**Activity:**
Repeat, exactly and in full, the lines of the listing below, but without any pictures.

**Data shown:**
--- --- ---

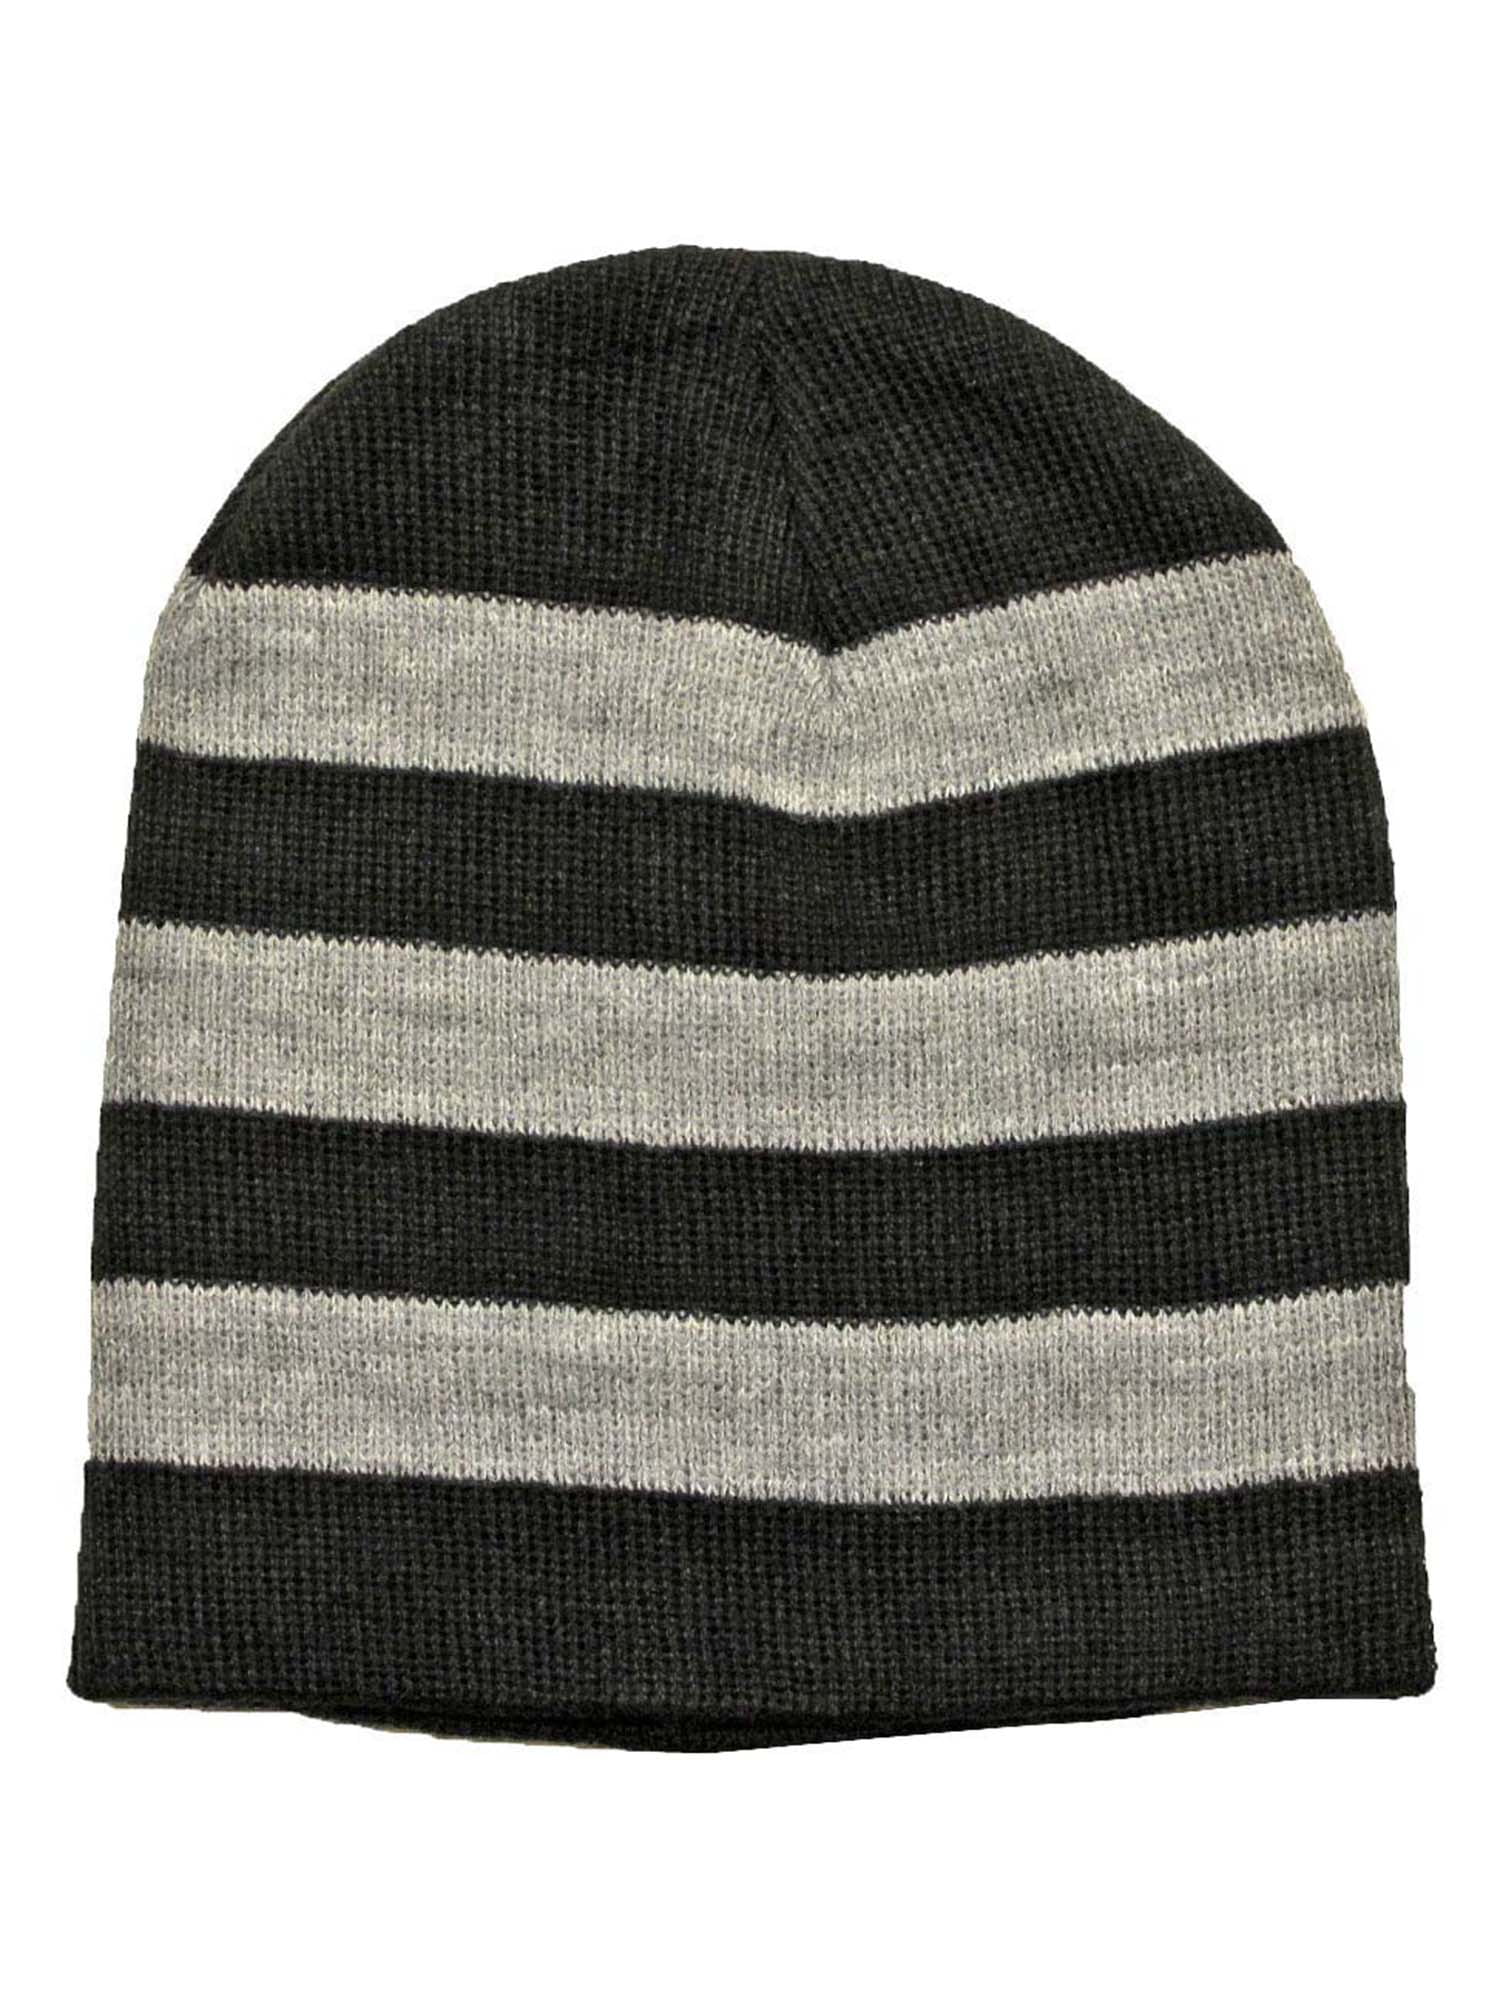 Black & Gray Tight Fitting Striped Knit Beanie Cap - Walmart.com
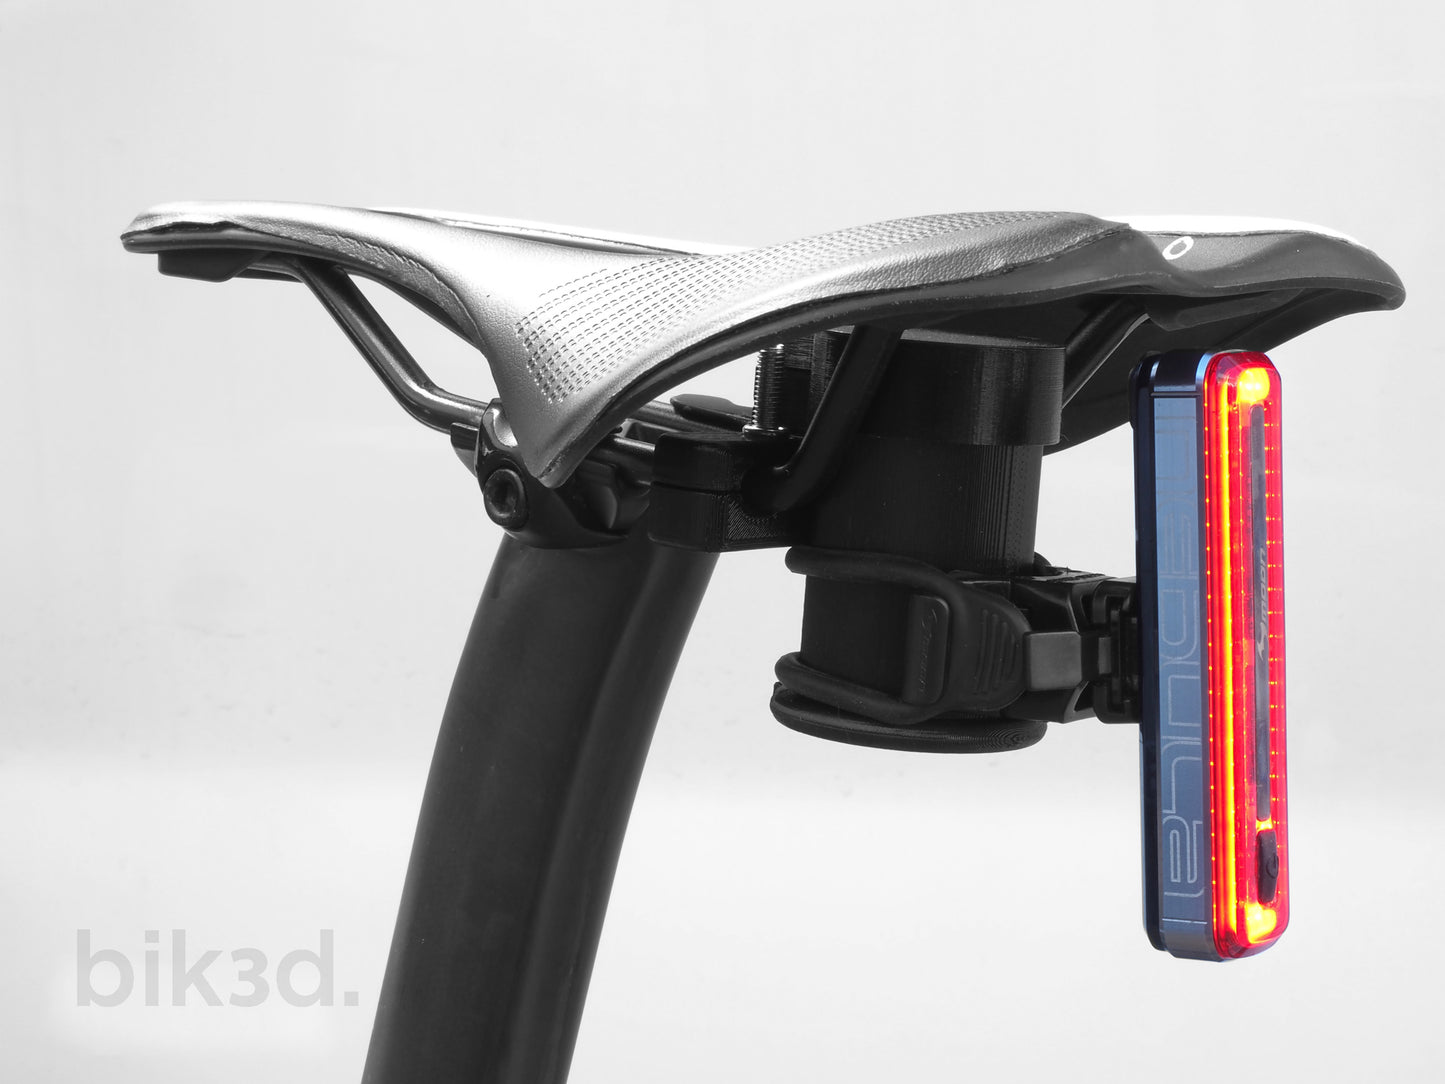 Galaxy SmartTag Under-Saddle Bike/Cycle Holder
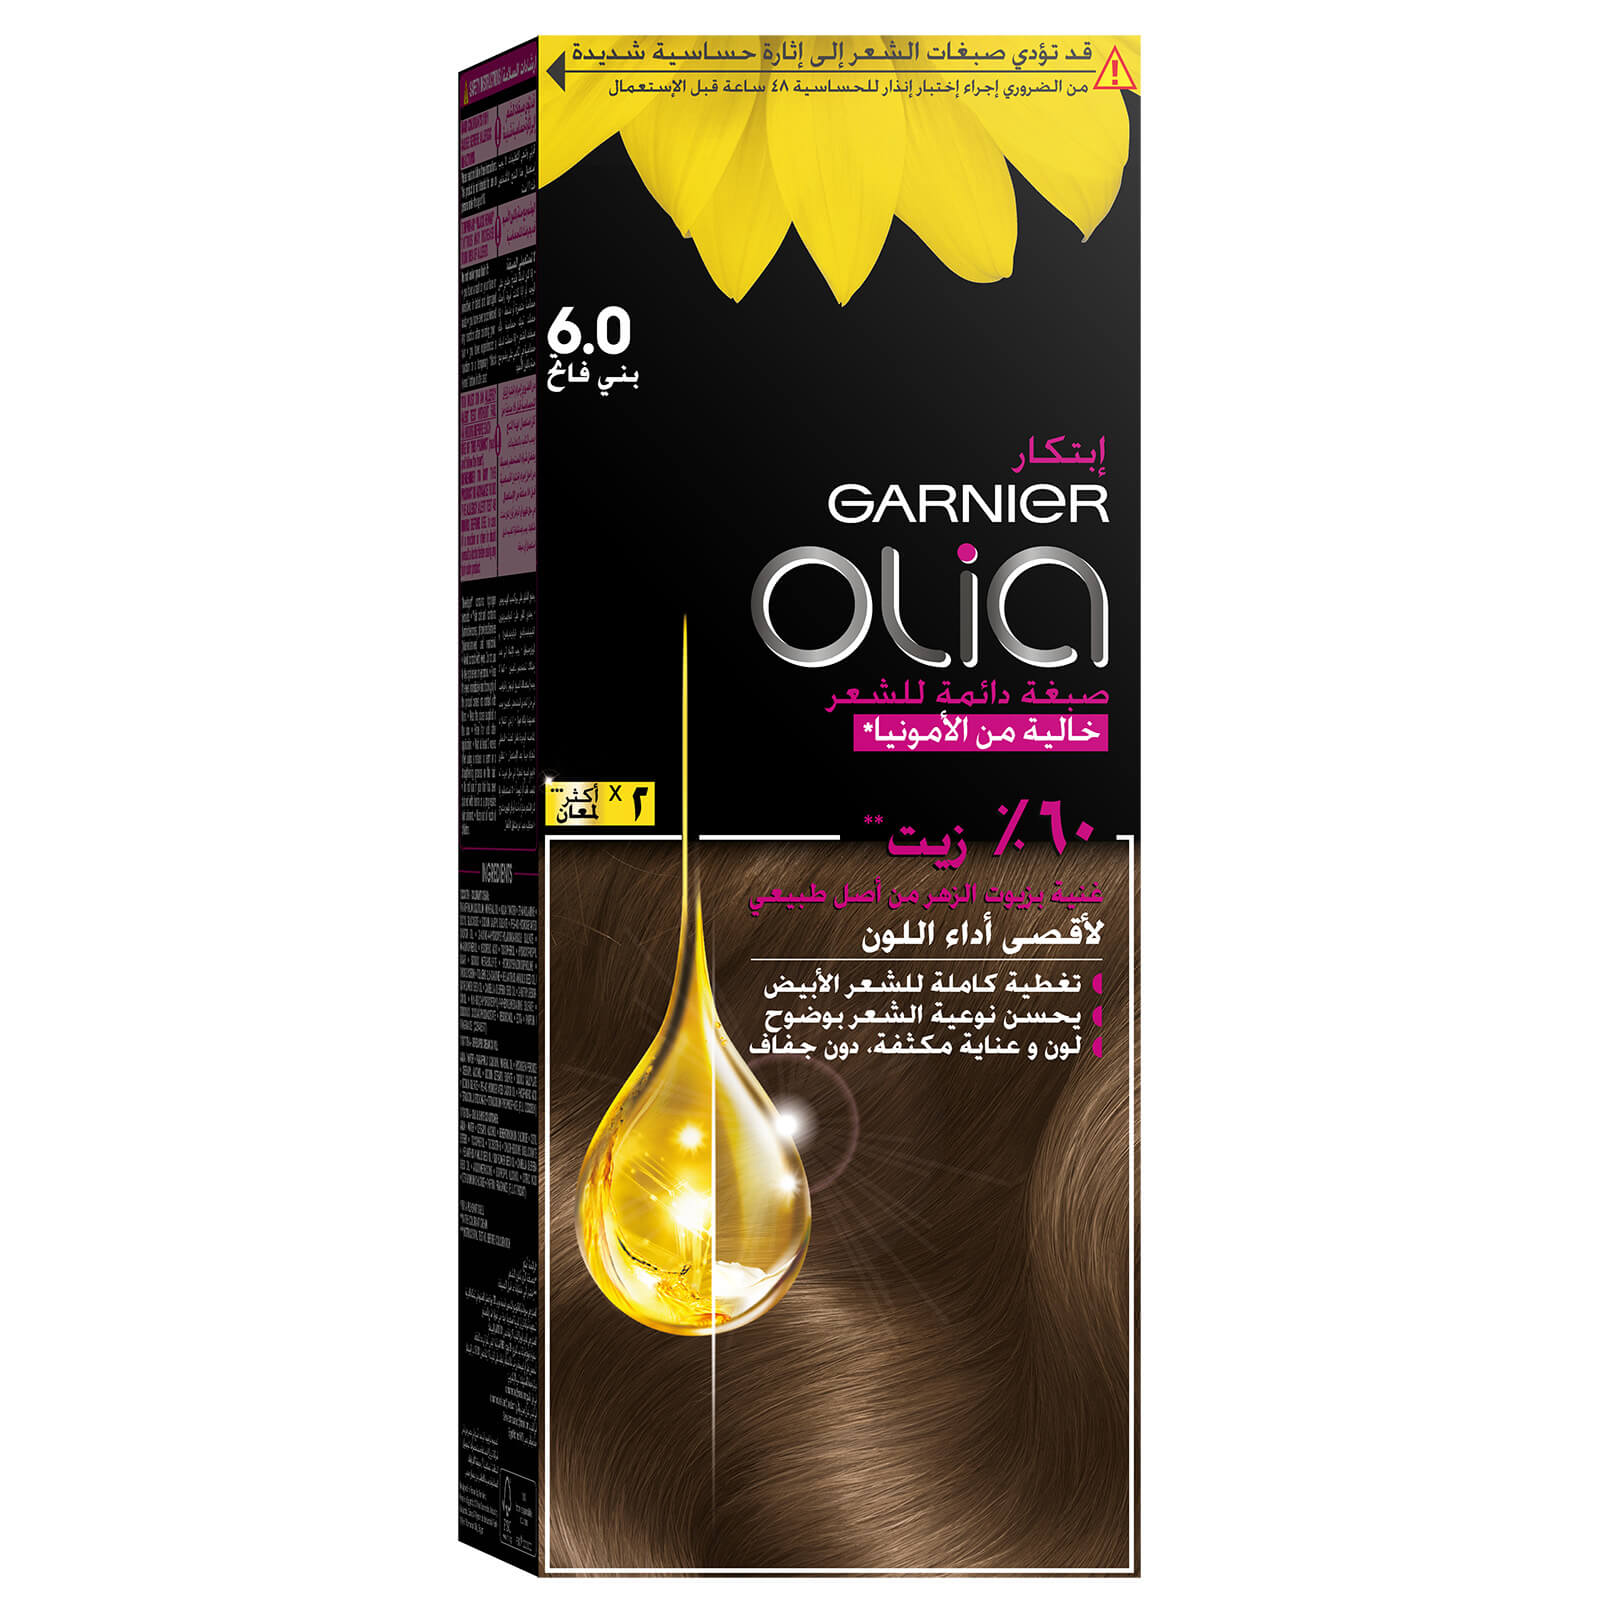 Garnier Olia No Ammonia Permanent Hair Colour 144g (Various Colours) - 6.0 Light Brown

--- --- ---

**Finished task:**
 Black & Gray Tight Fitting Striped Knit Beanie Cap - Walmart.com
 Galaxy SmartTag Under-Saddle Bike/Cycle Holder
 Garnier Olia No Ammonia Permanent Hair Colour 144g (Various Colours) - 6.0 Light Brown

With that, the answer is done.